Dominique Lormier : Oui, il est important de rendre hommage aux 290 000 soldats français tués ou blessés en mai-juin 1940. Les Français sont encore hantés par cette défaite qui n’est pourtant pas honteuse. La résistance acharnée des troupes françaises à Lille, Boulogne, Calais, Dunkerque et ailleurs permet à 400 000 des 450 000 soldats britanniques, présents en France en mai 1940, de rejoindre la Grande-Bretagne et de sanctuariser le Royaume Uni. D’après les généraux britanniques Brooks, Montgomery, Alexander, Dempsey et Winston Churchill, sans Dunkerque il n’y aurait pas eu le 6 juin 1944. Les 400 000 soldats britanniques professionnels sauvés en mai-juin 1940 vont former l’ossature des troupes alliées qui débarqueront en Normandie en juin 1944. De son côté, le général allemand Guderian estime qu’à Dunkerque s’est joué en grande partie le sort de la guerre, en condamnant l’Allemagne à la guerre sur deux fronts (contre les troupes alliées de l’Ouest et l’armée soviétique), qui sera fatale à Hitler et ses généraux. L’historien américain Walter Lord va dans le même sens. Il est l’un des rares grands historiens américains à rendre hommage au rôle crucial joué par les troupes françaises en mai-juin 1940. Il convient de le souligner. L’historien français Claude Quétel porte le même jugement au sujet de Dunkerque et ses retombées stratégiques sur le long terme.

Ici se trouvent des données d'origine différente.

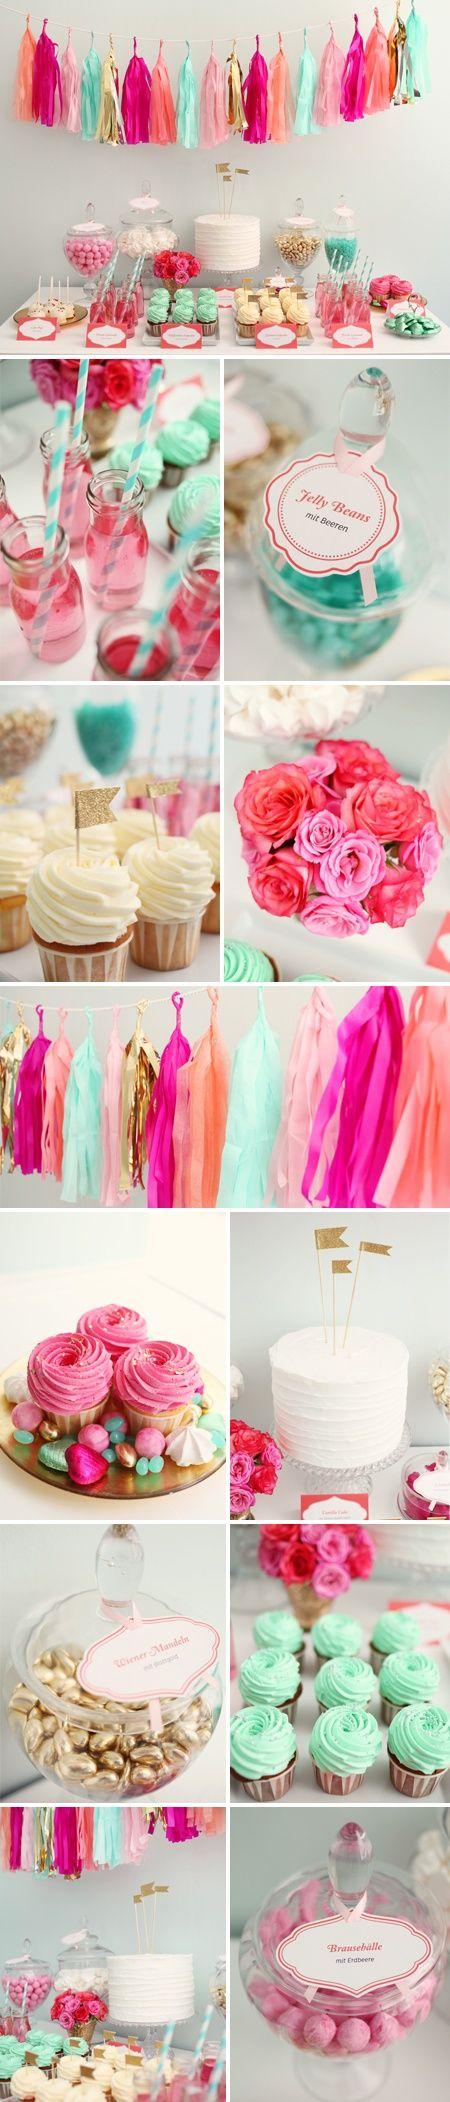 Tassel garland, cupcakes, awesomeness

Breizh-info.com : Quels ont été les principaux faits de gloire de l’armée française en 1940 ? Les grands hommes dans la défaite ?
Dominique Lormier : Ils sont dévoilés dans mon livre Comme des lions mai-juin 1940 (tome 1), avec les combats acharnés de La Horgne, de Stonne, de Monthermé, de Dinant, d’Hannut-Gembloux, de Flavion, de Landrecies, des Flandres, de la Somme, de l’Aisne, de la Loire, des Alpes, etc… Des chefs valeureux, comme Giraud, Prioux, De Gaulle, De Lattre de Tassigny, Mordant, Molinié, Lanquetot, Molinié, La Laurencie, Olry, Abrial, Janssen, Beaufrère, Buisson, les officiers et cadets de Saumur, les pilotes de l’armée de l’air, les marins à Dunkerque, etc… Ils sont très nombreux.

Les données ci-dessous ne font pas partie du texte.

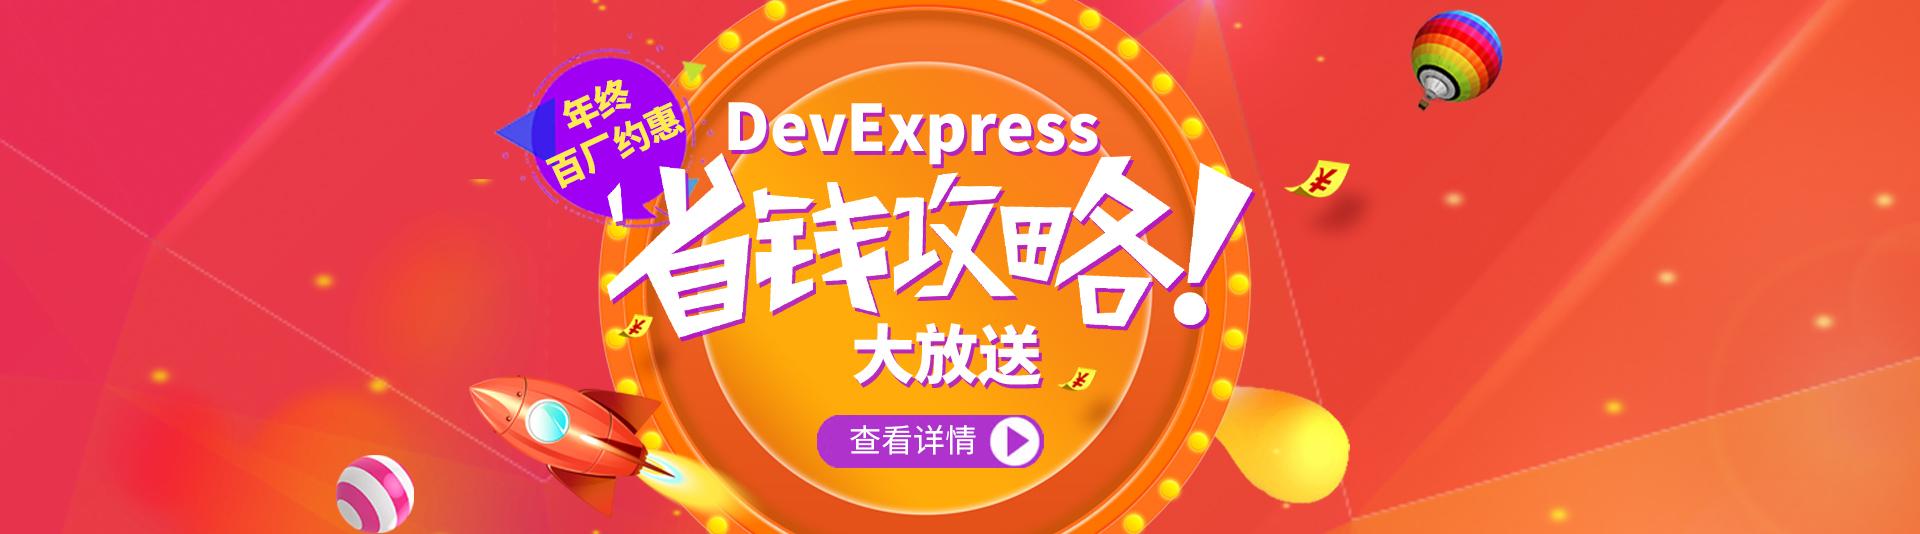 DevExpress省钱攻略大放送

Breizh-info.com : Avec le recul de l’historien que vous avez, comment la défaite militaire a-t-elle été possible ? Quels sont les détails qui ont littéralement changé le cours de l’histoire ?
Dominique Lormier : La défaite est possible du fait des erreurs de nombreux politiques français, comme notamment Blum et Daladier mais pas uniquement, sans oublier surtout certains chefs militaires français, britanniques et belges. Le commandement français est pourtant prévenu, par ses services de renseignement, une semaine avant l’offensive allemande du 10 mai 1940, que l’effort principal de la Wehrmacht se fera dans les Ardennes. Or le général Gamelin, commandant en chef de l’armée française, ne fait rien pour rien pour renforcer cette partie du front, pourtant défendue par des divisions de second ordre, sous-équipées en canons antichars et antiaériens. Il disperse également l’excellente 7e armée du général Giraud et ses 3 puis 4 divisions cuirassées, se privant ainsi de sa réserve stratégique pour une contre-offensive pouvant mettre en danger la percée allemande dans les Ardennes et sur la Meuse, et renverser ainsi la situation en sa faveur.
La défaite française de 1940 est avant tout celle d’une partie des « élites », dépassées par les événements. Il y a également l’audace du plan allemand, la meilleur organisation tactique et stratégique des forces allemandes, la supériorité numérique et technique de son aviation.
Cependant si la campagne de 1940 est une défaite tactique pour la France, elle est également une défaite stratégique sur le long terme pour Hitler, qui doit diviser ses forces en 1941 pour lutter à la fois contre les Britanniques et les Soviétiques. Si l’armée britannique avait été capturée en France en mai-juin 1940, Churchill aurait été contraint de signer une paix séparée avec Hitler. L’élite de l’armée britannique se trouvait en France en mai 1940. Sans oublier que l’aviation britannique perd environ 900 de ses avions en mai-juin 1940. Mais la Lutfwaffe perd 1 400 avions contre les aviations françaises et britanniques durant la même période (sans oublier 900 avions français détruits).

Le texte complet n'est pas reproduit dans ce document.